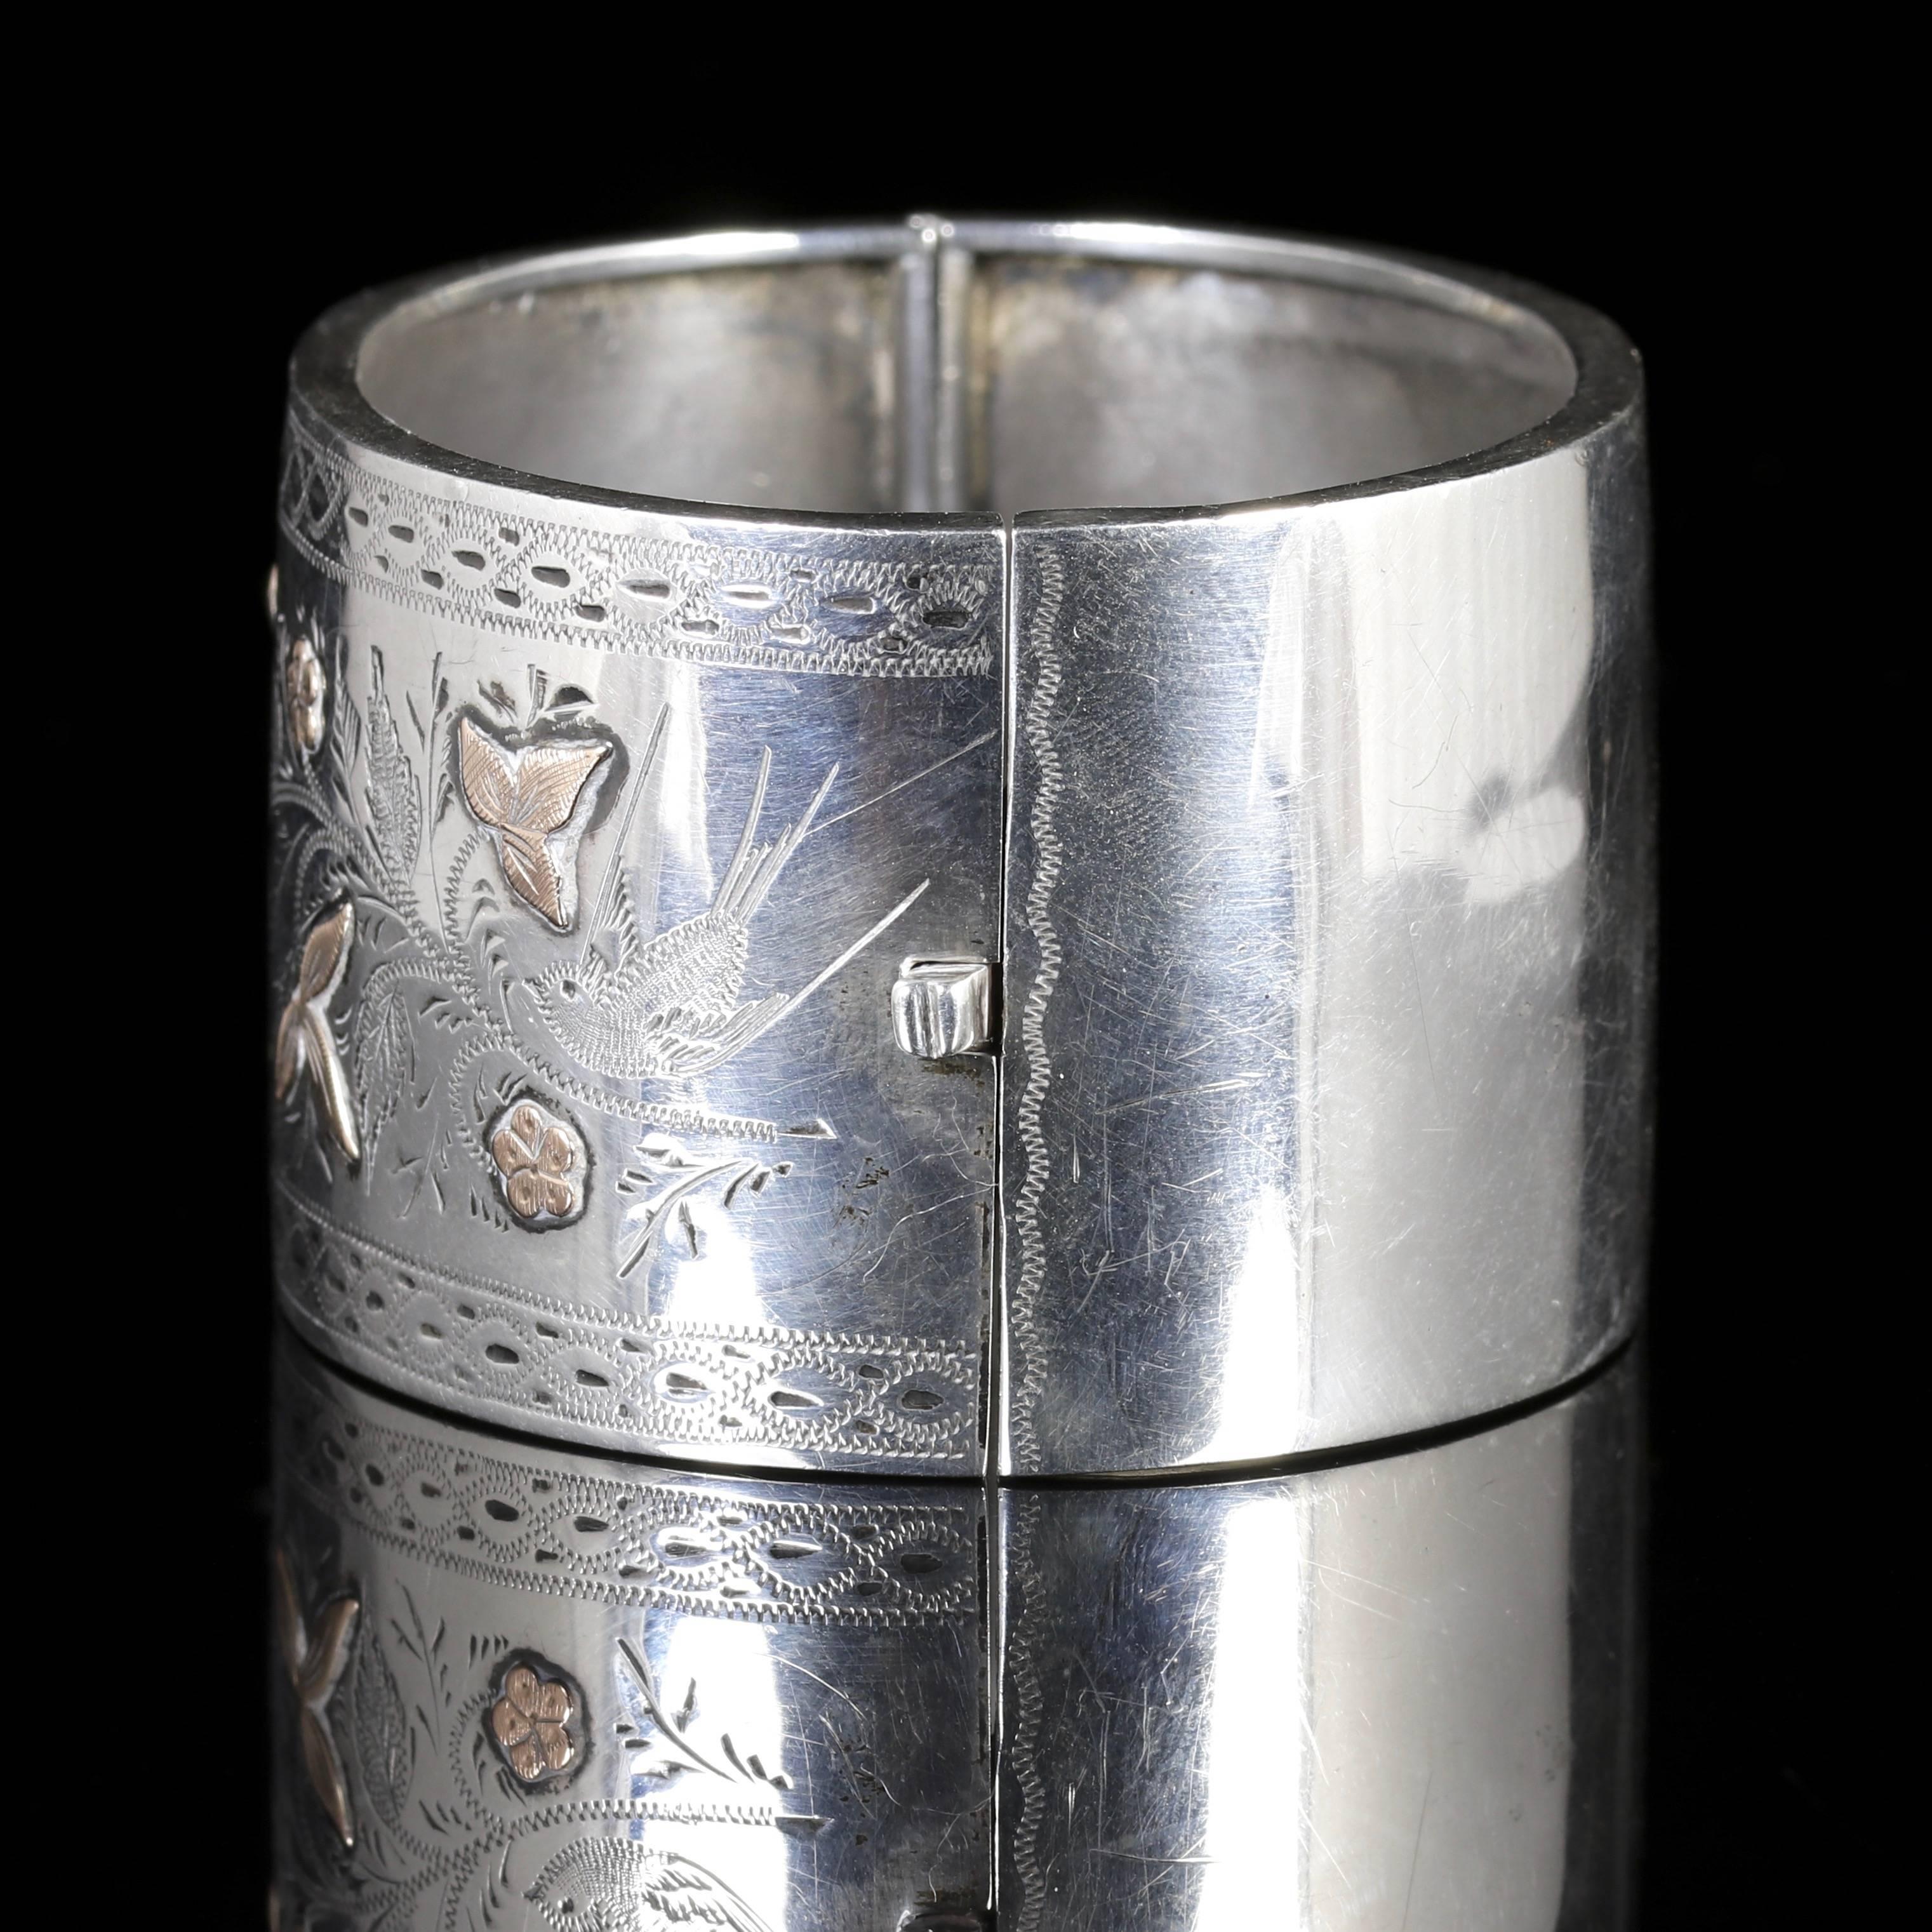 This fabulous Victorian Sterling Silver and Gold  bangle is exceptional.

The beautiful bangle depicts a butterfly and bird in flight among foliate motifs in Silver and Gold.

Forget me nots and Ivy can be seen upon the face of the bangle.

### TASK DIRECTIONS
Reproduce the data above word for word and omit the images.

### EXERCISE SOLUTION
 This fabulous Victorian Sterling Silver and Gold  bangle is exceptional.

The beautiful bangle depicts a butterfly and bird in flight among foliate motifs in Silver and Gold.

Forget me nots and Ivy can be seen upon the face of the bangle.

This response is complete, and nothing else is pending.